Mindy tells herself the tears pooling in the corners of her eyes are just residual leftovers from her injury, and she almost believes the lie. "Let's make a deal."
"Always bargaining..." He grumbles, but he's already softening toward her, the tightly coiled defensiveness falling away.
"You do this... And I'll go back to Boston, face my parents and... everything else."
Danny can't believe how light he feels once he agrees to her plan. Forgiving his father is no easy task, to be sure, but he no longer feels like he's drowning in hatred every time he looks at the man. It's more like he feels sorry for him, and pity is an easier burden.
So much easier, that when Alan offers them lunch, Danny merely nods and accepts the invitation, getting up to go through his father's record collection while they wait.
The food is exactly what he expects, cold cuts on white bread, piles of potato chips teetering on the paper plates as the bag is passed around the tiny table. Alan is generous enough to pair the meal with a cheap red wine. Danny winces as the sugary concoction spills down the back of his throat.
"Wow, this is so good. It's like sangria." Mindy gulps at it, licking her lips as she sits her glass down. "You'd never know it came from a box."
Snorting, Danny glances at her to see if she's serious, but the smile on her face looks as genuine as always. He's elbow to elbow with her, crowding a little as he attempts to maintain a healthy distance from his father. "It's a little early to be drinking, don't you think?"
The question is indirectly aimed at Alan, and his father responds cheerfully. "Relax, Danny, it's wine. Doesn't really count."
His resolve to be civil bends, warping under the weight of his father's cavalierness. It's like Alan wants him to remember all of the missed dance recitals, all the forgotten allowances, all the times his father came home at three a.m. stinking of stale beer and cigars.

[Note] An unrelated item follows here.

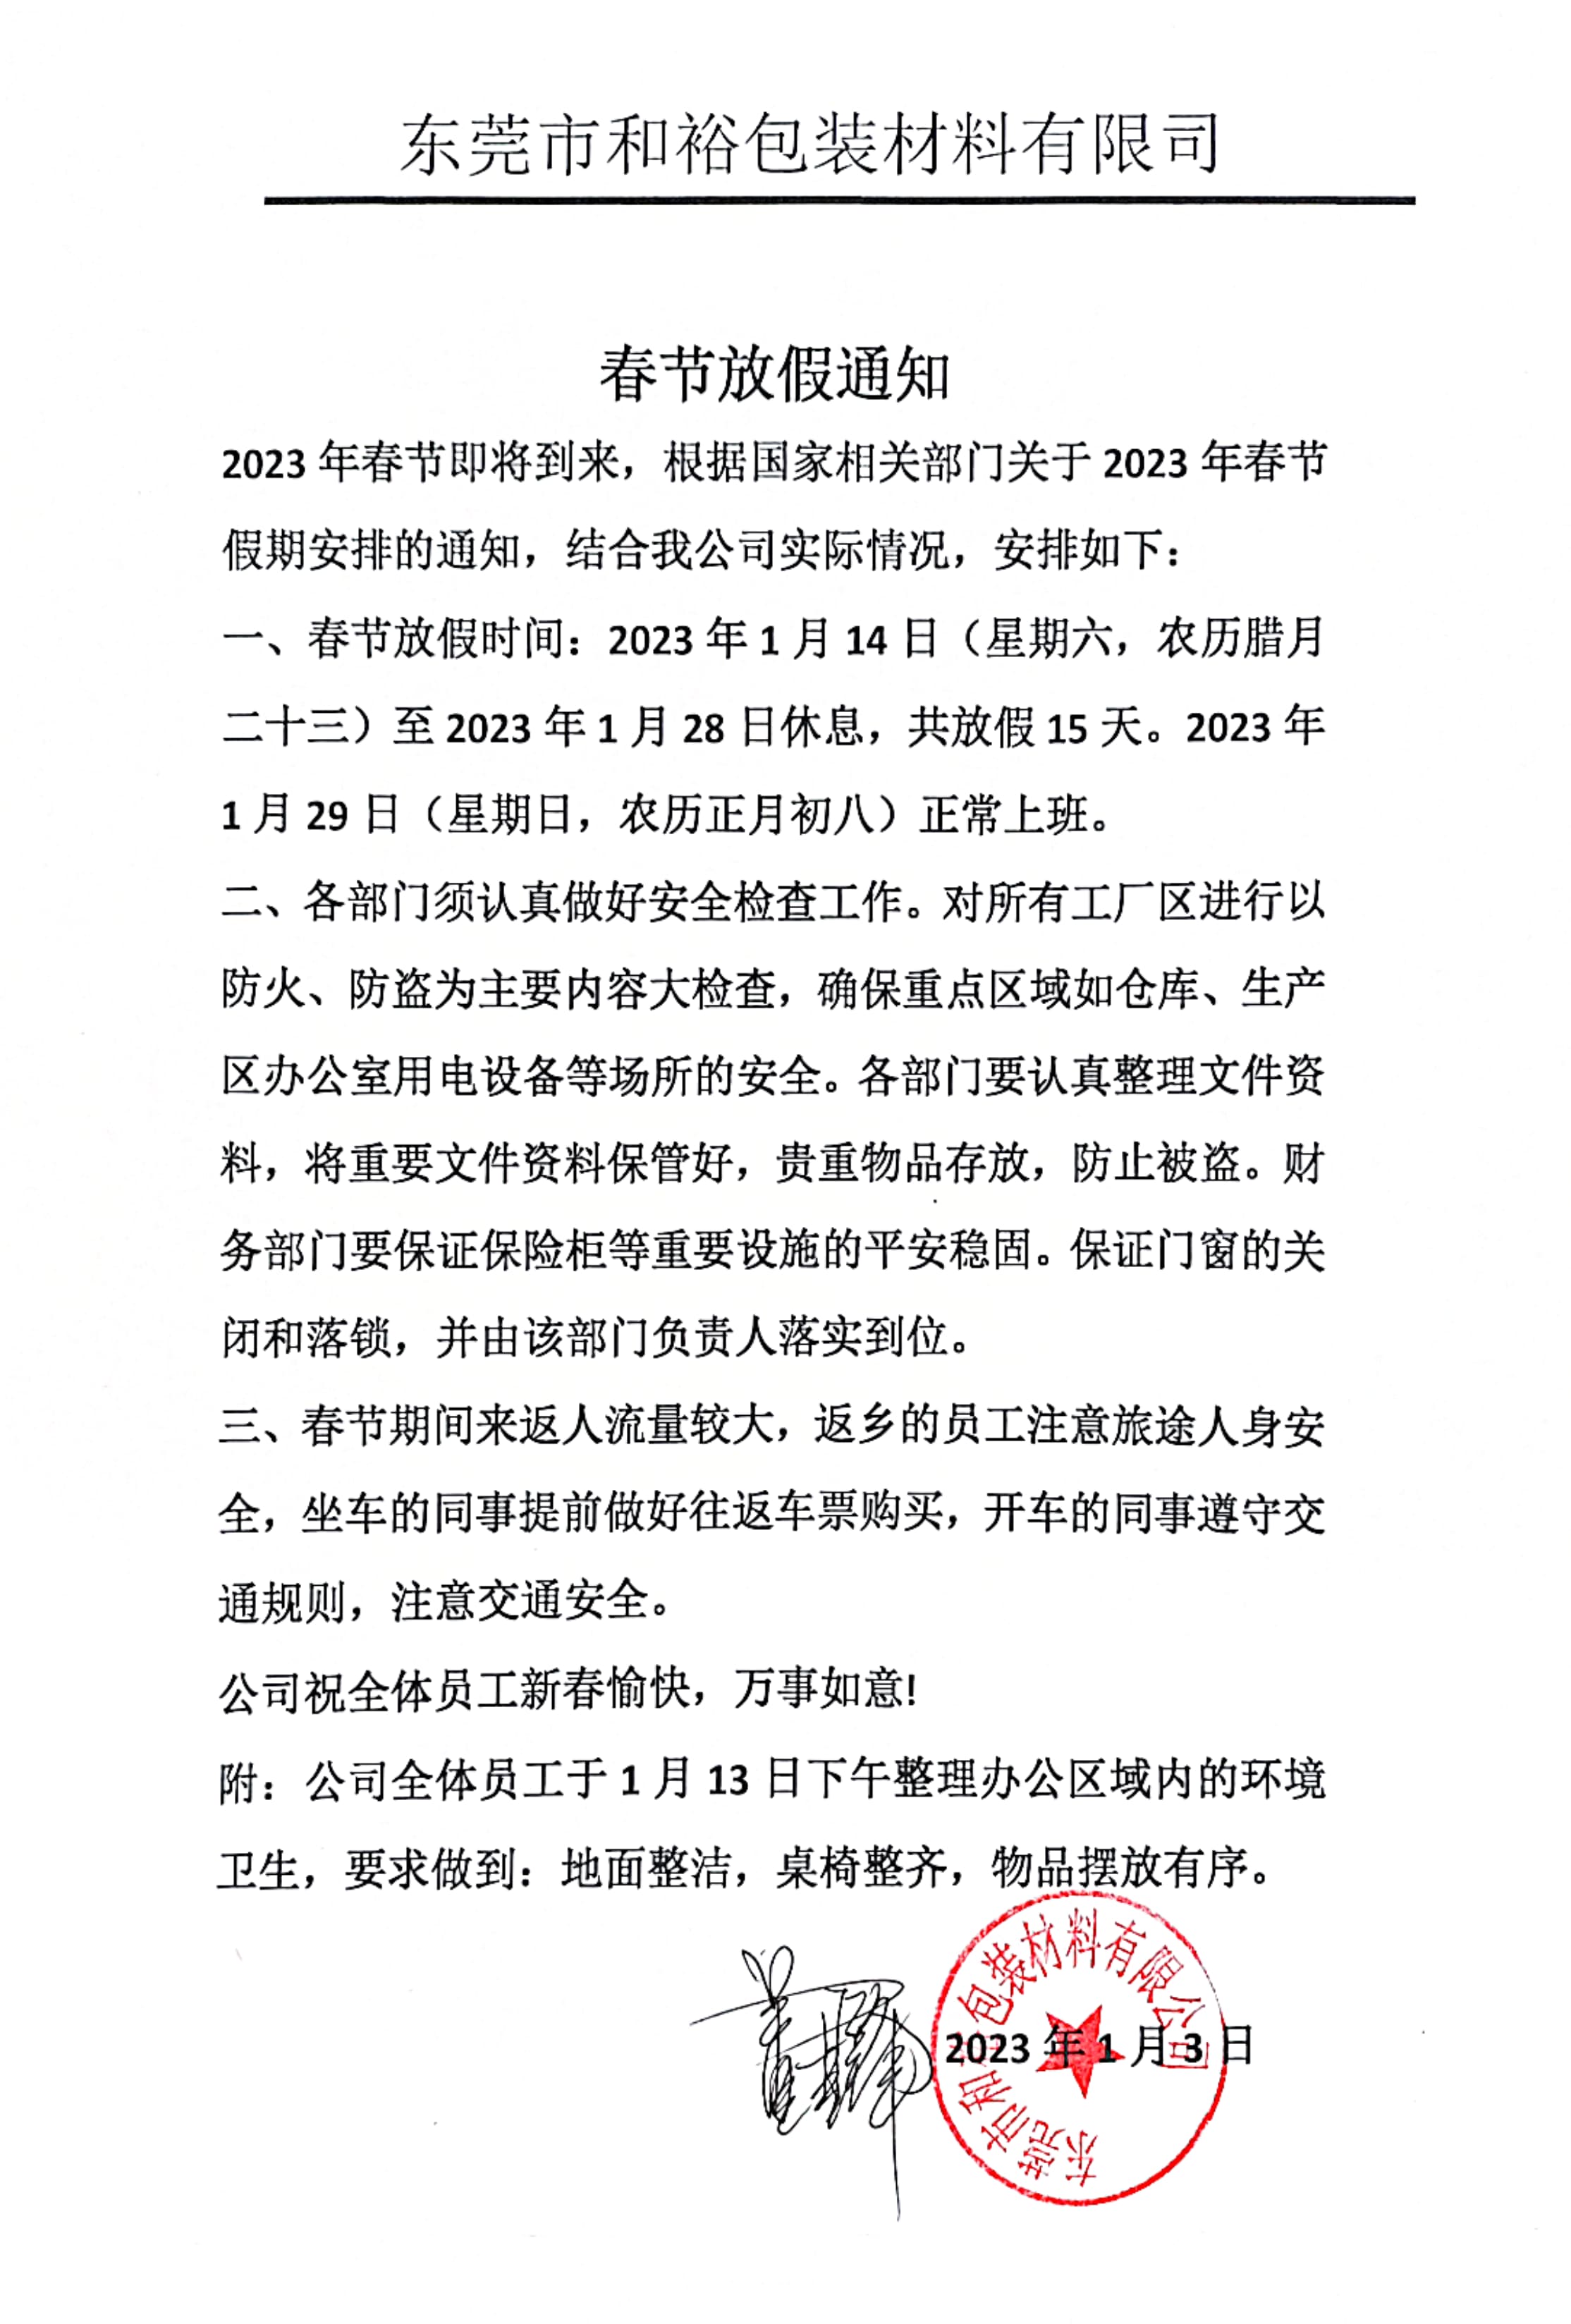 郴州市2023年和裕包装春节放假通知

Dropping her hand to his knee, Mindy jumps in, magically breaking the sudden tension. "So, Alan, what do you do out here in the desert?"

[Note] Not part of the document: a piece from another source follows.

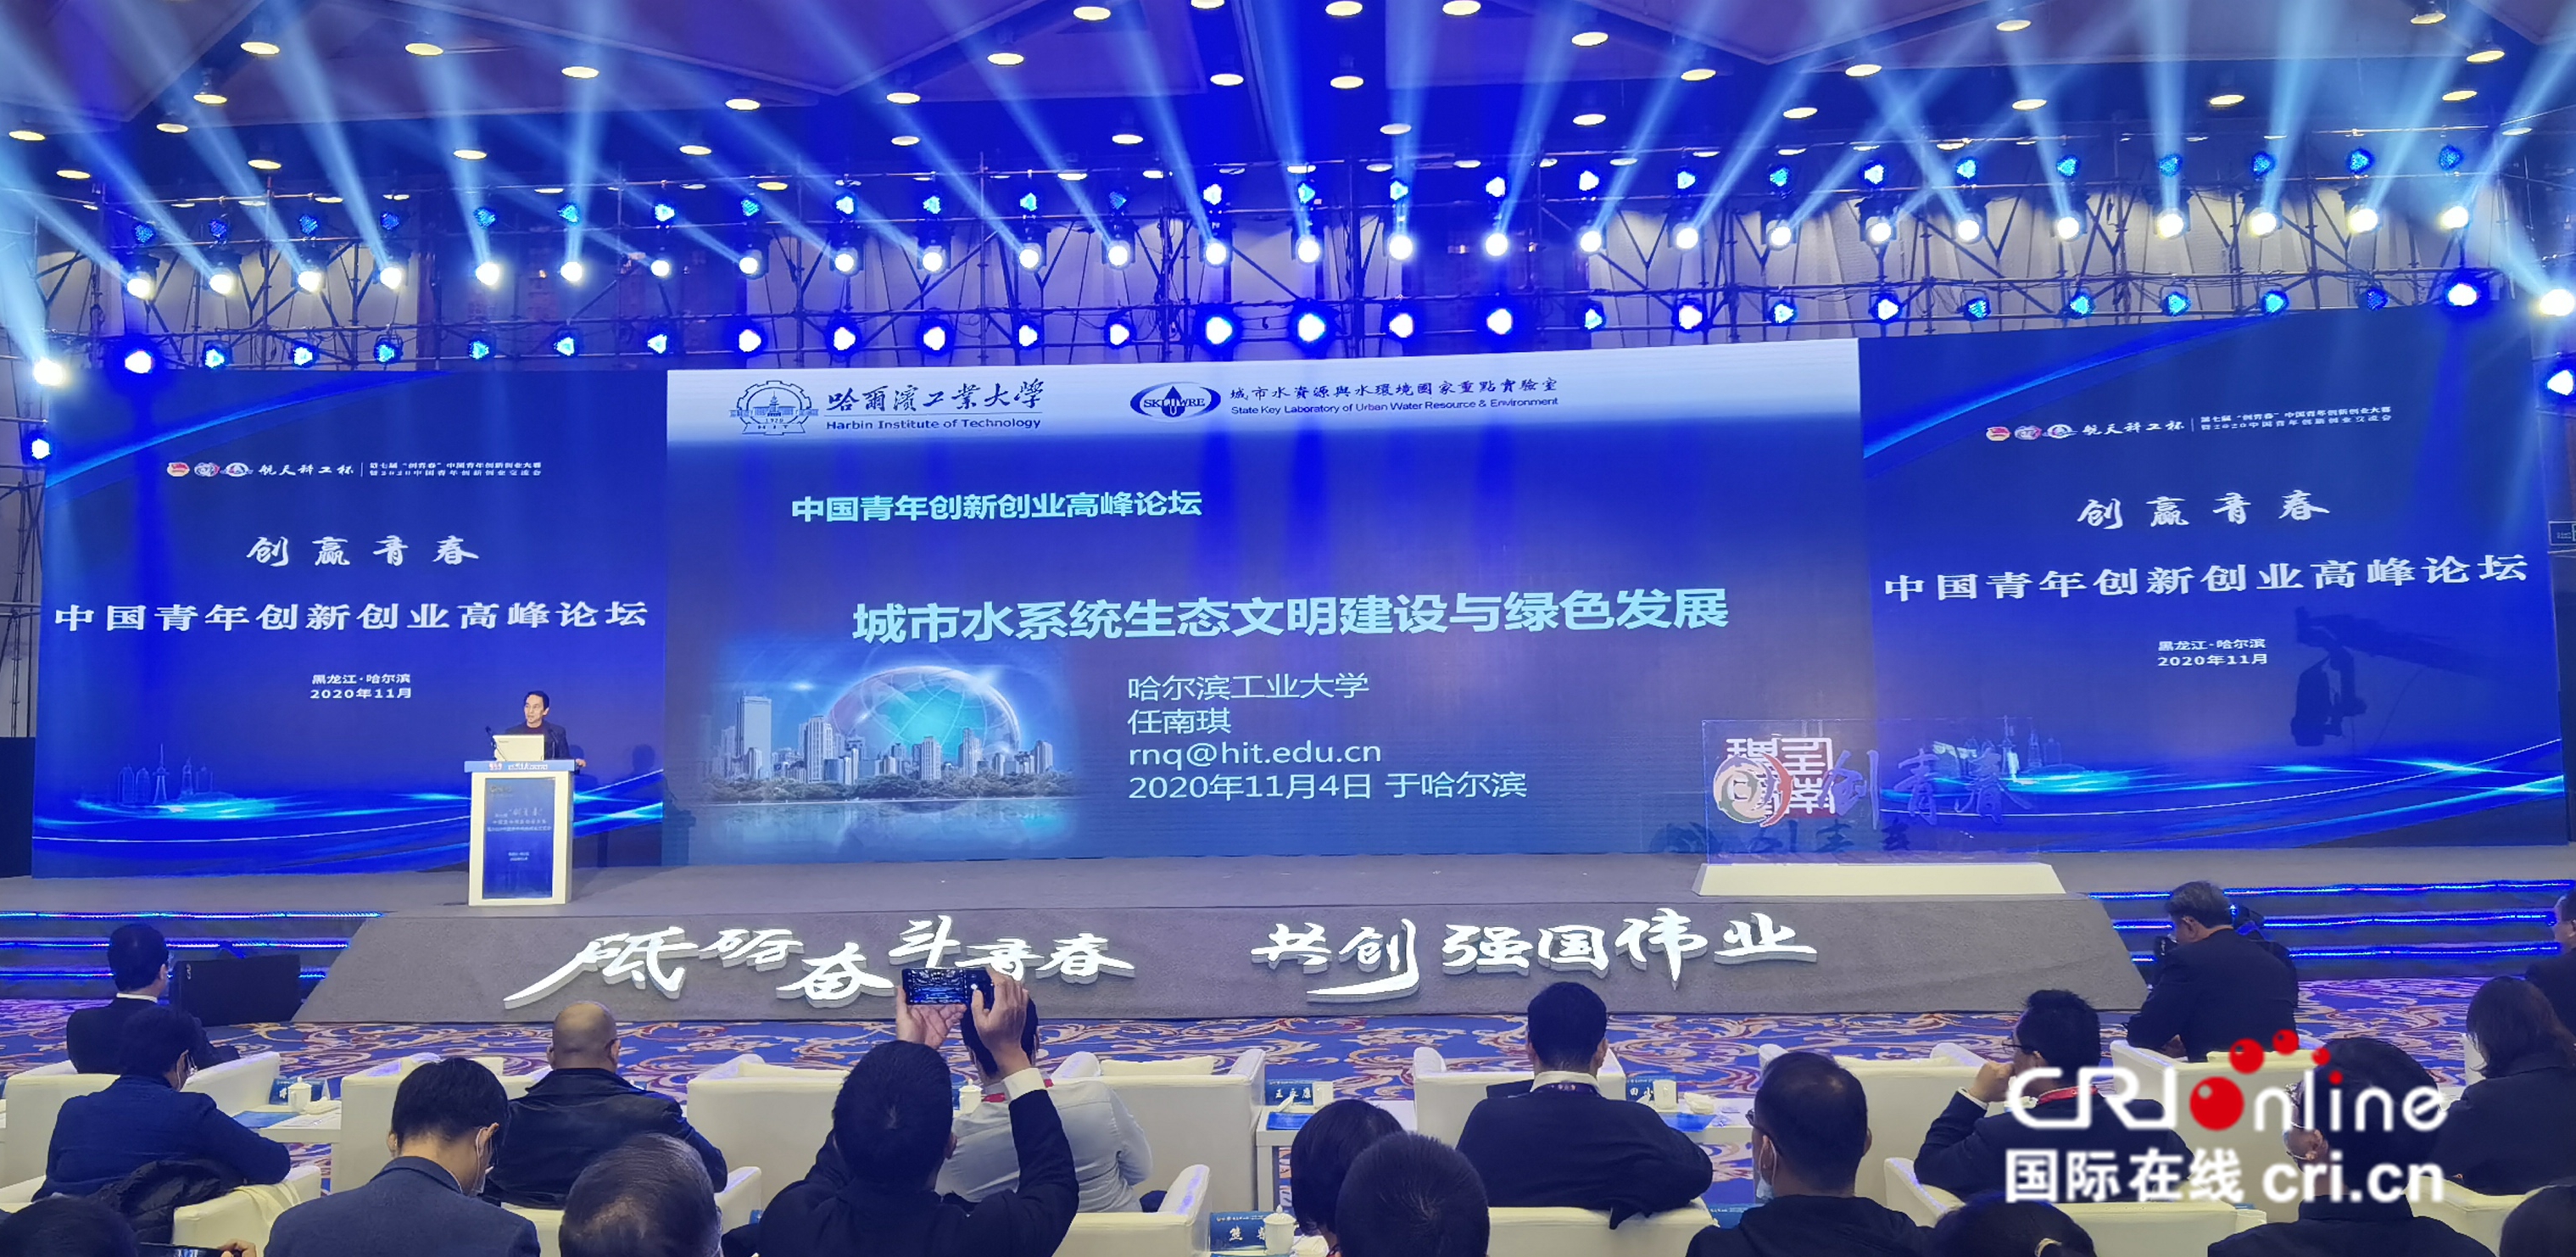 共话创新创业 共谋青年发展 “创赢青春”中国青年创新创业高峰论坛在哈尔滨举行

Danny doesn't hear his father's answer, focusing too much on the way her rounded nail tips look against the dark washed denim of his jeans. She gives him a light squeeze to indicate that he should respond to something (God knows what). When he says nothing she jumps back in.
"A barber at the army base? That's so cool. I've always wanted to be able to cut my own hair."
Cool? It's not cool. Alan knows it. Danny knows it. Surely Mindy knows it. His father stands in one spot and gives dozens of young men identical crew cuts all day long. It's undoubtedly tedious, but she's sitting there smiling at his father, trying so hard to help him make small talk. Danny takes a deep breath and tries again. "I guess it would save money."